Thumbing through her book of errors, Ruchira thinks this must be one of life's most Machiavellian revenges: one day you look back at your teenage self and realize exactly how excruciatingly clueless you were, more so even than you had thought your parents to be. And pompous to boot. Here, for example, is the quotation she'd copied out in her tight, painstaking handwriting: An unexamined life is not worth living. As if a fourteen-year-old had any idea of what an examined life was. The notion of tracking errors possesses some merit, except that her errors were so puerile, so everygirl. The time she told Marta that she thought Kevin was cute, only to have that information relayed back to her, with crude anatomical elaborations, from the walls of the girls' bathroom. The time she drank too many rum-and-cokes at Susie's party and threw up on the living room carpet. The time she believed Dr. Vikram, who wore maroon suspenders and gave her a summer job in his dental office, to be so cool--and then he made a groping pass at her.

She tosses the purple notebook onto the growing pile of things to be recycled. (Recycling mistakes, now that's a thought!) She's come to terms with misjudgments and slippages, she's resigned to the fact that they'll always be a part of her life. If there are errorless people in the world, she doesn't want to know them. She's certain they'll be eminently disagreeable. That's something else she likes about Biren--all the mistakes he has already admitted to. How he dropped out of college for a semester during his freshman year to play electric guitar with a band aptly named The Disasters. How late one night, coming back to the city from Sausalito, he gave a ride to a hitchhiker of indeterminate sex only to have him/her try to throw him/herself from the car and off the Golden Gate bridge. How, for a short time last year, he got involved with a woman who had a knife tattooed on her chest, even though he knew she did drugs.

Ruchira was shocked and enthralled. She wasn't sure why he was telling her all this. To impress her? To start clean? To gain her (or was it his own) forgiveness? Small disquiets nipped at the edge of her mind like minnows; she let them slip away. Questions filled her mouth. What had he lost by jilting Tina Turner for Standard and Poor? What had he said to the hitchhiker to stop her--Ruchira was sure it was a woman--from jumping? (He had tried to stop her, hadn't he?) What made him break up, finally, with the knife-woman?

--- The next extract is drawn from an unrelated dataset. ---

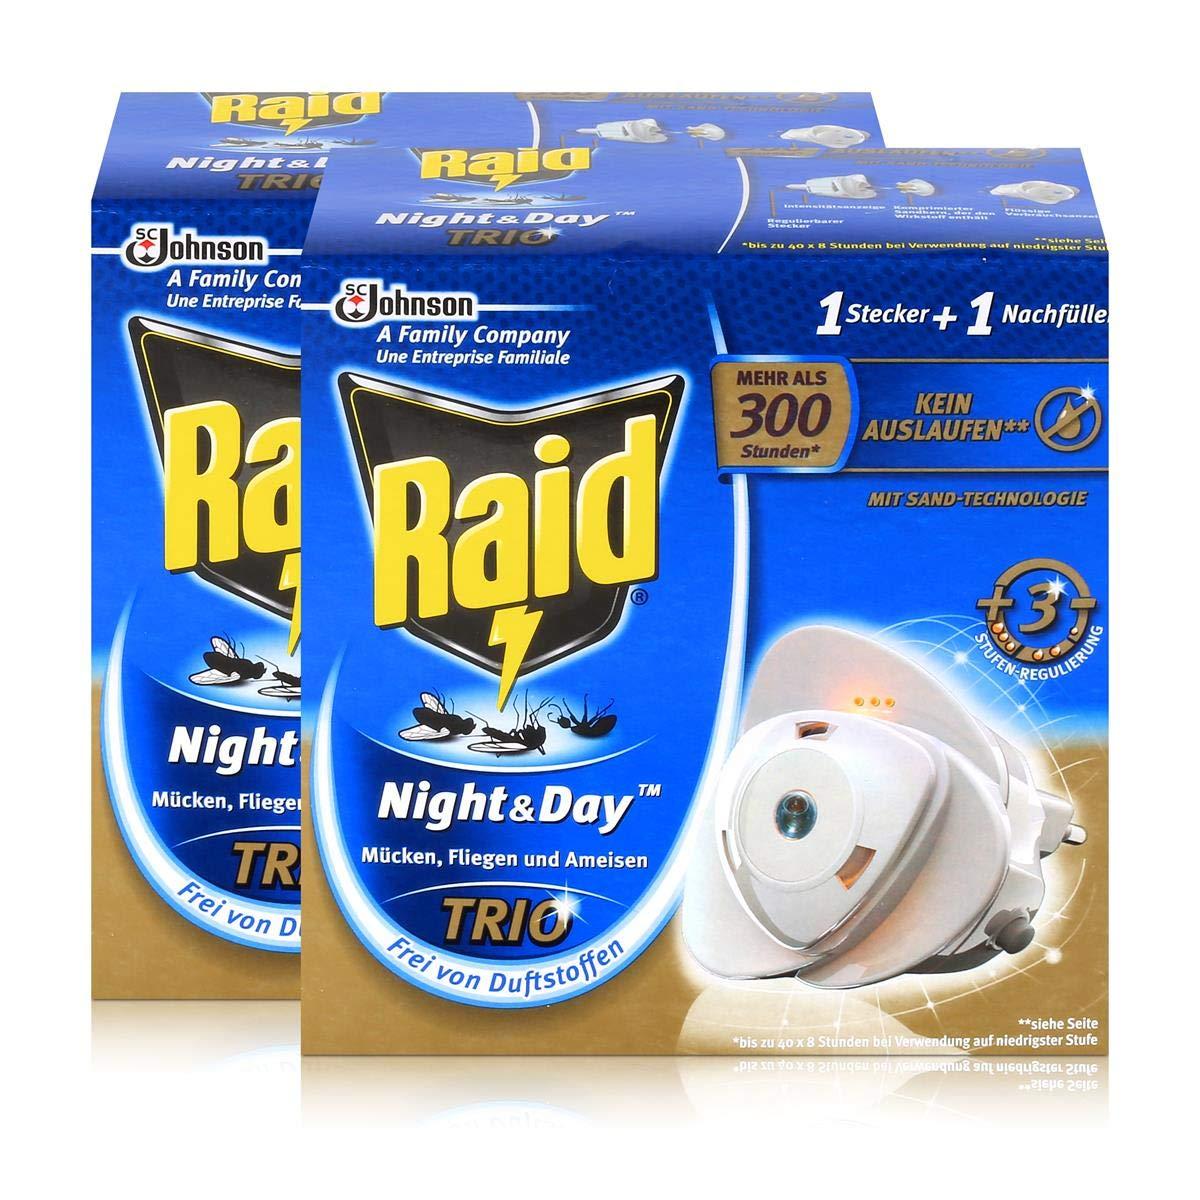 2x Raid Night & Day Trio Insekten Stecker & Nachfüller, gegen Mücken, Fliegen & Ameisen gegen Mücken
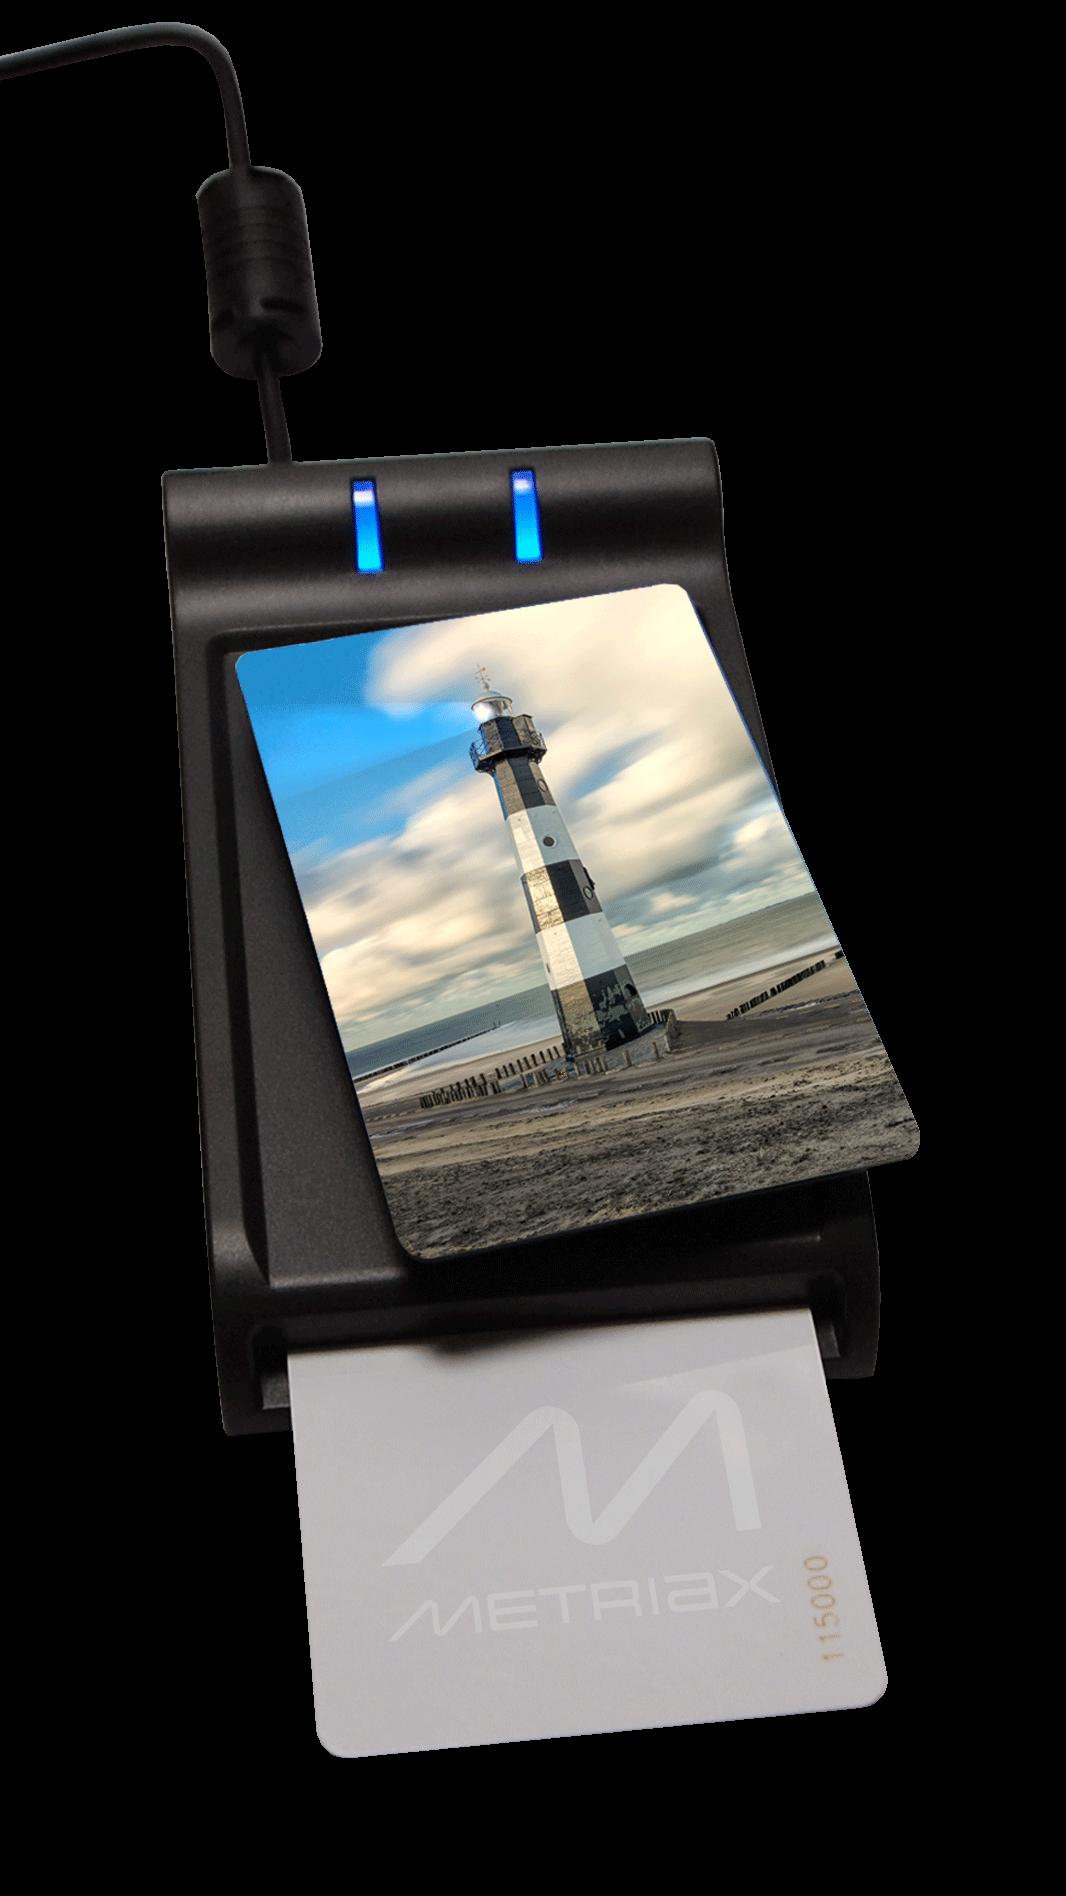 Metriax-MDE 620-RFID-NFC-Tischleser-Desktopleser-Chipkarten-Kontaktlos-Dualleser-ISO 14443-ISO7816-HID Leser-PC/SC-Mifare-ISO18092

She pushed the questions into a corner of her cheek like hard candy, saving them for later. Meanwhile, he was the most exciting man she knew. His was a geography of suicide bridges and tattoo parlors, night concert alleys and skyscrapers rising into the sky like blocks of black ice. A galaxy far, far away from the blandness of auto-malls and AMC cinemas which she'd never really escaped, not even by moving from her parents' suburban house to Berkeley. But now conjugality would confer that same excitement on her.


He saw the paintings when he came to pick her up for a concert. They'd discovered a common interest in classical Indian music, and Chaurasia was playing at the Zellerbach. She had not intended for him to come up to the apartment--she felt she didn't know him well enough. She was going to meet him downstairs when he rang the buzzer. But one of the other tenants must have let him in because here he was, knocking on her door. For a panicked moment she thought of not opening it, pretending she wasn't there, calling him later with a fabricated disaster.